Foi preciso chegar aos quarenta anos de idade para te escrever esta carta e reconciliar-me com o facto de te ter virado as costas sem te dar uma palavra sequer, por mais inútil que ela me parecesse. Acho que devia ao menos ter-me despedido de ti, antes de ter ficado fiel depositário deste amor, que permanecerá vivo e desemparelhado, suportando o peso das horas e dos dias, à espera que um dia lhe seja dado uso. Mas há coisas bem piores do que esperar, já que se pensarmos bem, o segredo da infelicidade é querer-se tudo para já.
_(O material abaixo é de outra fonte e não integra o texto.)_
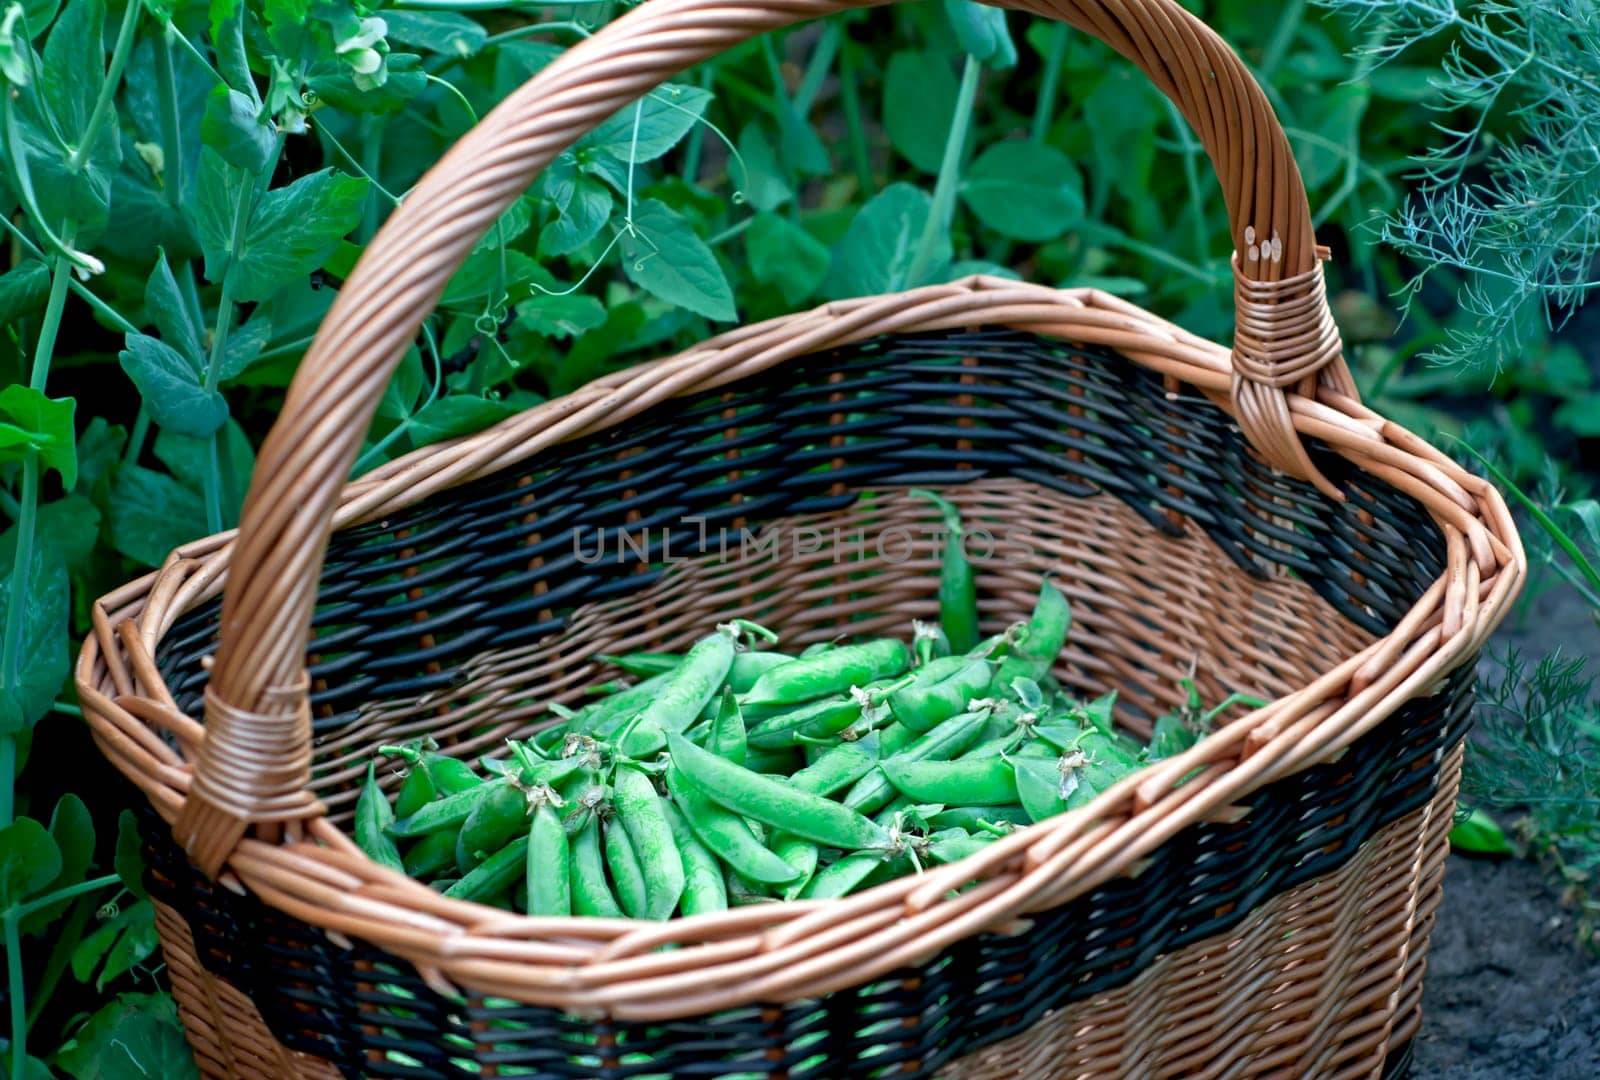 Raw pods of green sugar peas in baskets are harvested in the garden by aprilphoto

Só agora vejo, minha querida Inês, que o amor não acaba nunca. Ainda que muitas vezes não o queiramos admitir porque estamos todos marcados uns pelos outros, a verdade é que, quer queiramos quer não, passam os tempos, passam os problemas, passam as pessoas, mas no fim, apenas o amor permanece. Como acontece sempre que, por um acaso qualquer encontramos alguém que outrora foi importante na nossa vida mas que não vemos há muito tempo. São encontros que acabam sempre por ser surpreendentes. Porque ocorrem a maior parte das vezes sem o peso do sem número de escolhos emocionais com que em tempos nos deixámos mutuamente desamparados. Mas também porque durante esses encontros acabamos por dar connosco com o inesperado sabor de nos termos reencontrado com alguém que foi outrora digno do nosso amor incondicional. Umas vezes pelas razões que tornam o outro tão amável aos nossos olhos, outras pela história que juntos tivemos, mas quase sempre por ambas.
E o que acaba por definir as nossas vidas é a maneira como lidamos com a circunstância de que, de facto, o amor nunca acaba. Ou deixamos que o medo acabe por nos encolher, tentando forçar o esquecimento ou porque o amor nos faz sentir uns miseráveis, ou porque nos faz culpar os outros ou porque nos torna mais amargos ou vingativos, ou então, aceitamos que de facto, o amor é um dom que permanece. Porque não é o amor que nos trai, aprisiona ou desilude. São os outros. E é quando percebemos a diferença entre aquilo que nos acontece e o amor que verdadeiramente sentimos, que nos damos conta que o maior desafio que temos e que tantas vezes tantas vezes nos passa despercebido, é o de sabermos a cada momento aproveitar esse amor que no fim de tudo nos resta e nos fica nas mãos, à espera do momento em que lhe voltemos a dar uso.
Para isso, é preciso termos a coragem de não permitir que as dores do mundo nos tornem mais pequenos e nos retirem a coragem para decidirmos o que fazer com o que sentimos. Porque o amor não tem um nome, não tem uma cara, e certamente não tem um culpado. É algo que trazemos dentro e que ou deixamos que nos consuma, ou permitimos que nos anime a partilhar e a construir com os que entretanto continuam à nossa volta. A vida é isso mesmo: a arte de aprender a conviver com o amor através do tempo. O amor que no final de contas é o que nos desafia e ajuda a descobrir a pessoa que fomos feitos para ser. E que nessa medida, se revela como a única coisa verdadeiramente capaz de nos libertar.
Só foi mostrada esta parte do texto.